Everything an LLM can reason about lives in its context window. Think of it as the model’s working memory:

┌─── CONTEXT WINDOW (the LLM's RAM) ────────────────────────────────────┐
│                                                                       │
│  ┌─────────────┐  System prompt, rules, persona                       │
│  │   PROMPT     │  "You are an agent that..."                         │
│  └─────────────┘                                                      │
│  ┌─────────────┐  Function definitions, MCP servers                   │
│  │   TOOLS      │  search(), read_file(), run_tests()                 │
│  └─────────────┘                                                      │
│  ┌─────────────┐  RAG results, file contents, API data                │
│  │  KNOWLEDGE   │  Retrieved docs, embeddings, facts                  │
│  └─────────────┘                                                      │
│  ┌─────────────┐  Prior turns, tool results, errors                   │
│  │  MSG HISTORY │  user → assistant → tool → assistant → ...          │
│  └─────────────┘                                                      │
│  ┌─────────────┐  Few-shot examples, memories                         │
│  │  EXAMPLES    │  Demonstrations of desired behavior                 │
│  └─────────────┘                                                      │
│                                                                       │
│              ⚠  ALL OF THIS COMPETES FOR LIMITED ATTENTION             │
└───────────────────────────────────────────────────────────────────────┘
                         │
                         ▼
               ┌───────────────┐
               │   LLM Model   │  Attends over everything above
               └───────┬───────┘
                       │
                       ▼
              Next action or response

The core problem: every token in the window competes for the model’s attention. With n tokens, there are n² pairwise attention relationships. More tokens does not mean better results — often it means worse results.

Gemini agent degraded after ~100K tokens
Llama 3.1 405B degrades after ~32K tokens
Smaller models fail much earlier
Context has diminishing returns, just like human working memory

The Four Context Failure Modes

When agents fail, it’s almost always one of these four problems:

1. Context Poisoning

Agent writes incorrect info into its own context, then treats it as ground truth — chasing impossible goals.

Example: Gemini playing Pokémon hallucinated a game state, wrote it to its “goals” section, then spent hours chasing an impossible objective.

2. Context Distraction

Context so long the model over-focuses on history, ignoring its training. Starts repeating past actions instead of planning new ones.

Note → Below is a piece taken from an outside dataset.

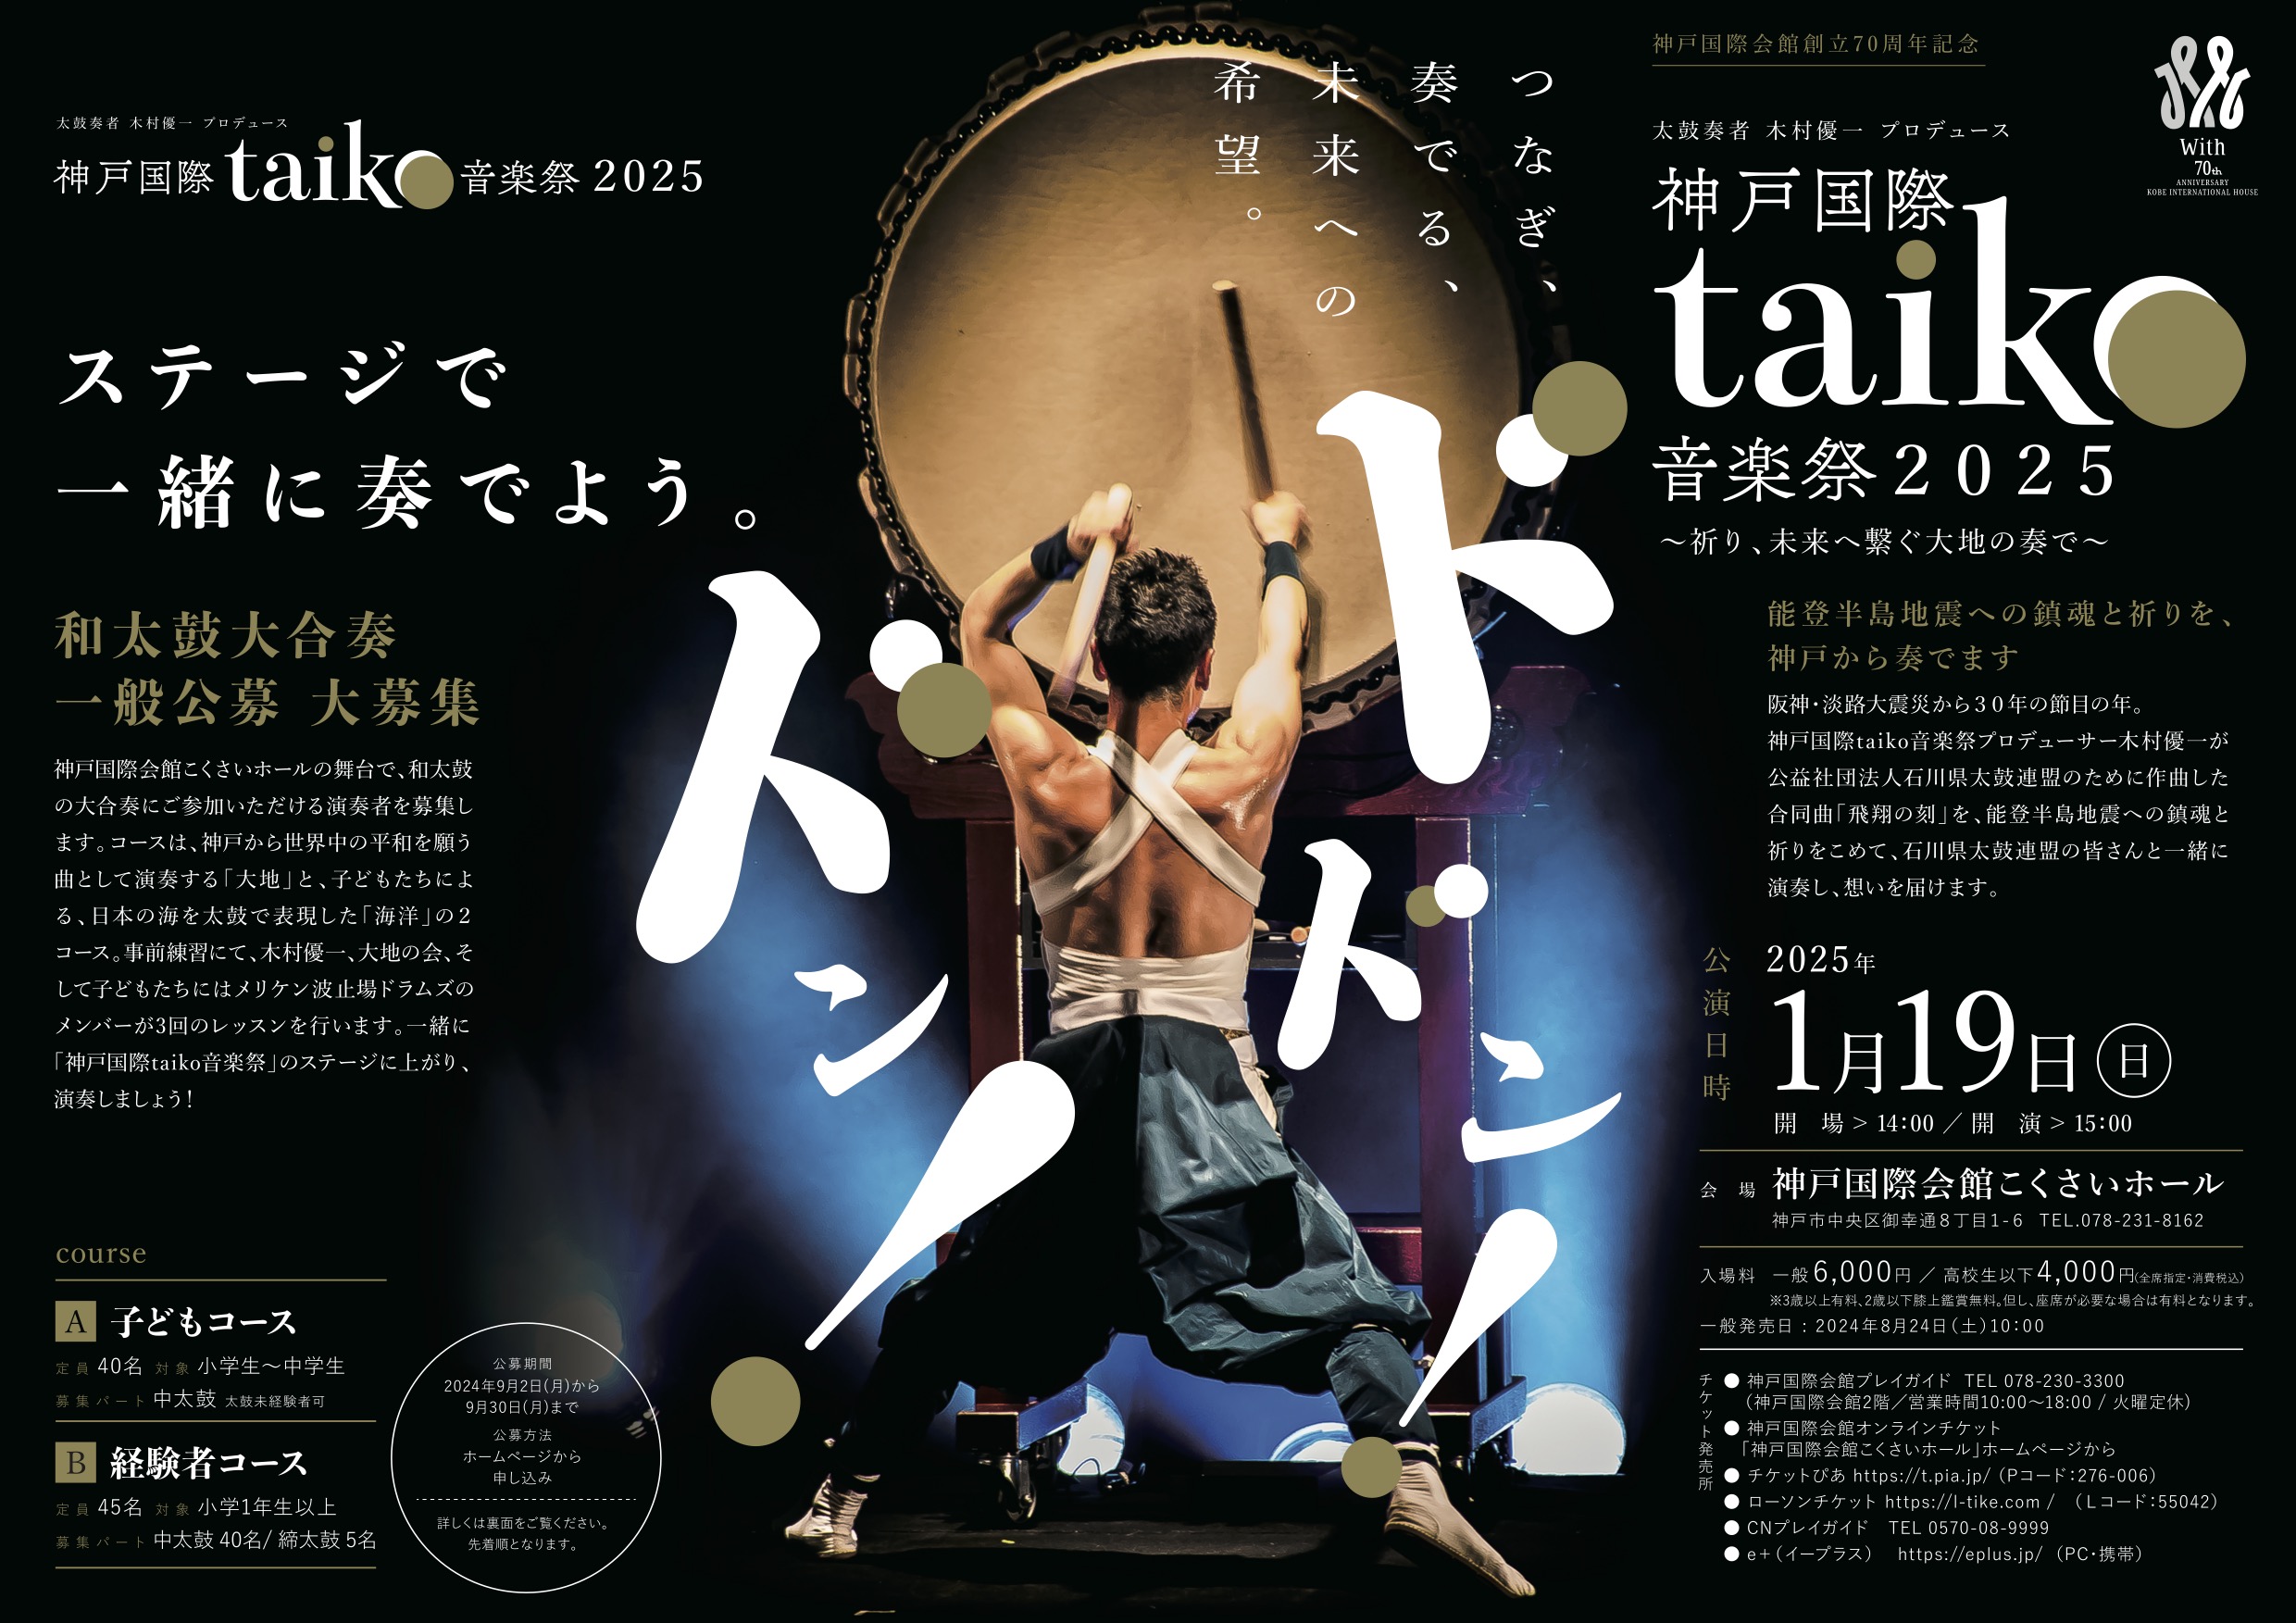 太鼓奏者 木村優一プロデュース 神戸国際taiko音楽祭2025 〜祈り、未来へ繋ぐ大地の奏で～

Example: Gemini agent past 100K tokens just repeated previous actions from history instead of synthesizing new strategies.

3. Context Confusion

Irrelevant information (extra tools, docs) causes the model to call wrong tools or use wrong data.

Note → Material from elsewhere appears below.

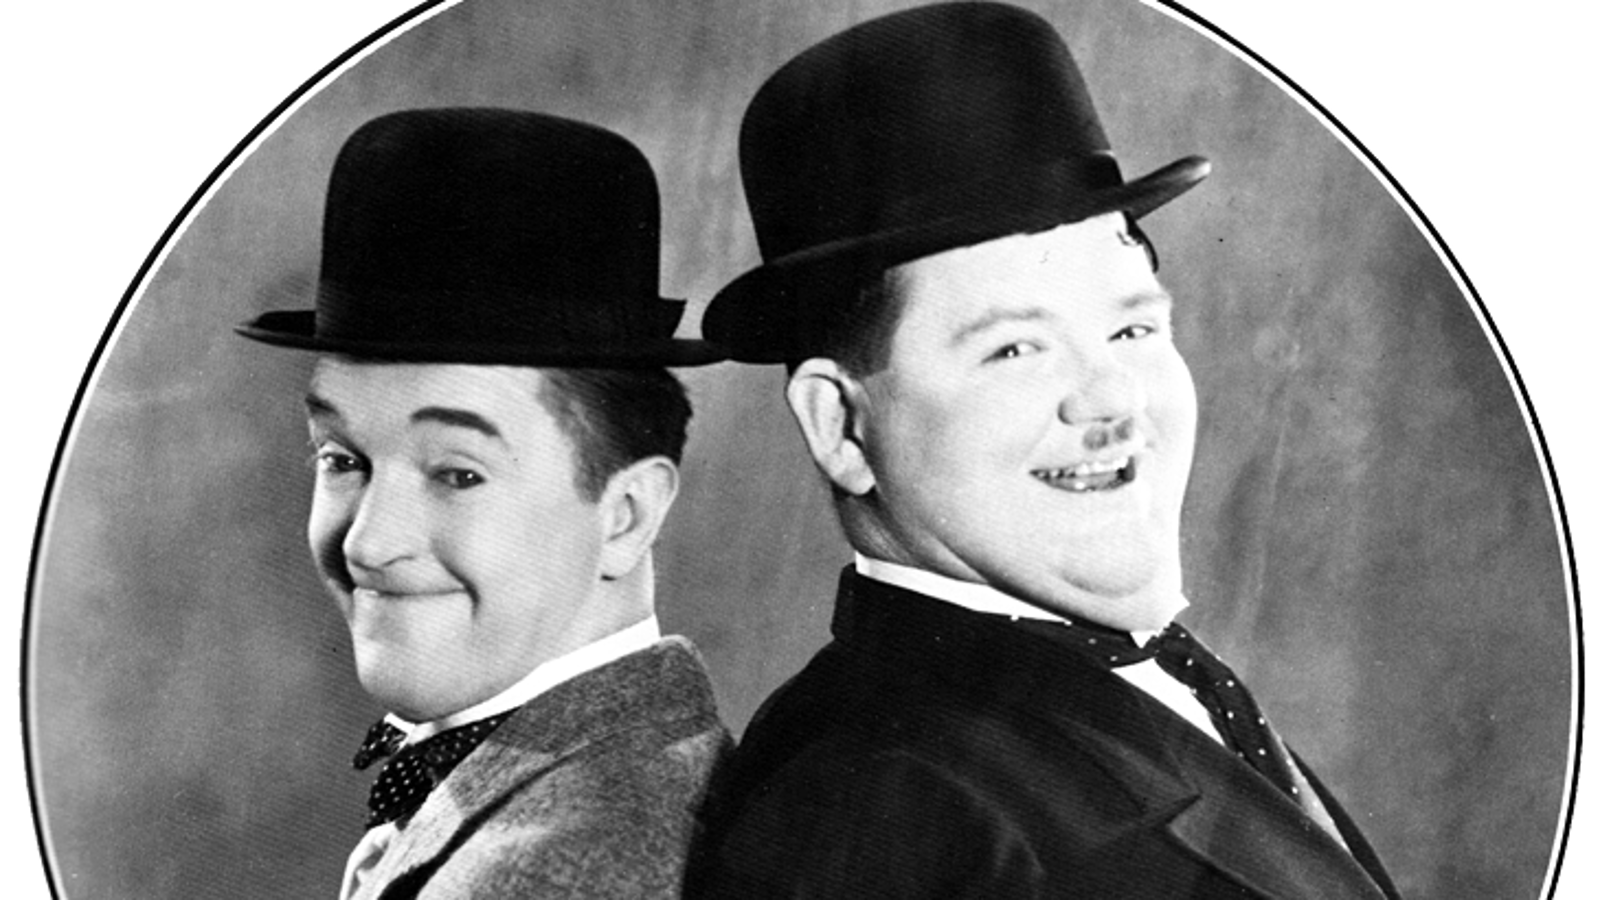 Kuvassa ovat vasemmalla Stan Laurel ja oikealla Oliver Hardy kasvokuvissa mustat hatut päässään. He ovat ruudutetun ympyrän sisällä ja hymyilevät.

Example: Llama 8B given 46 tools = FAILS. Llama 8B given 19 tools = SUCCEEDS. Same task, same model. Less is more.

4. Context Clash

Early wrong answers stay in context and conflict with later correct information.

Example: o3 scored 98.1% with a single prompt but 64.1% when the same information was spread across multiple turns — a 39% average drop — because early wrong guesses polluted the context.

The 6 Techniques to Fix Context

Technique 1: RAG (Retrieval-Augmented Generation)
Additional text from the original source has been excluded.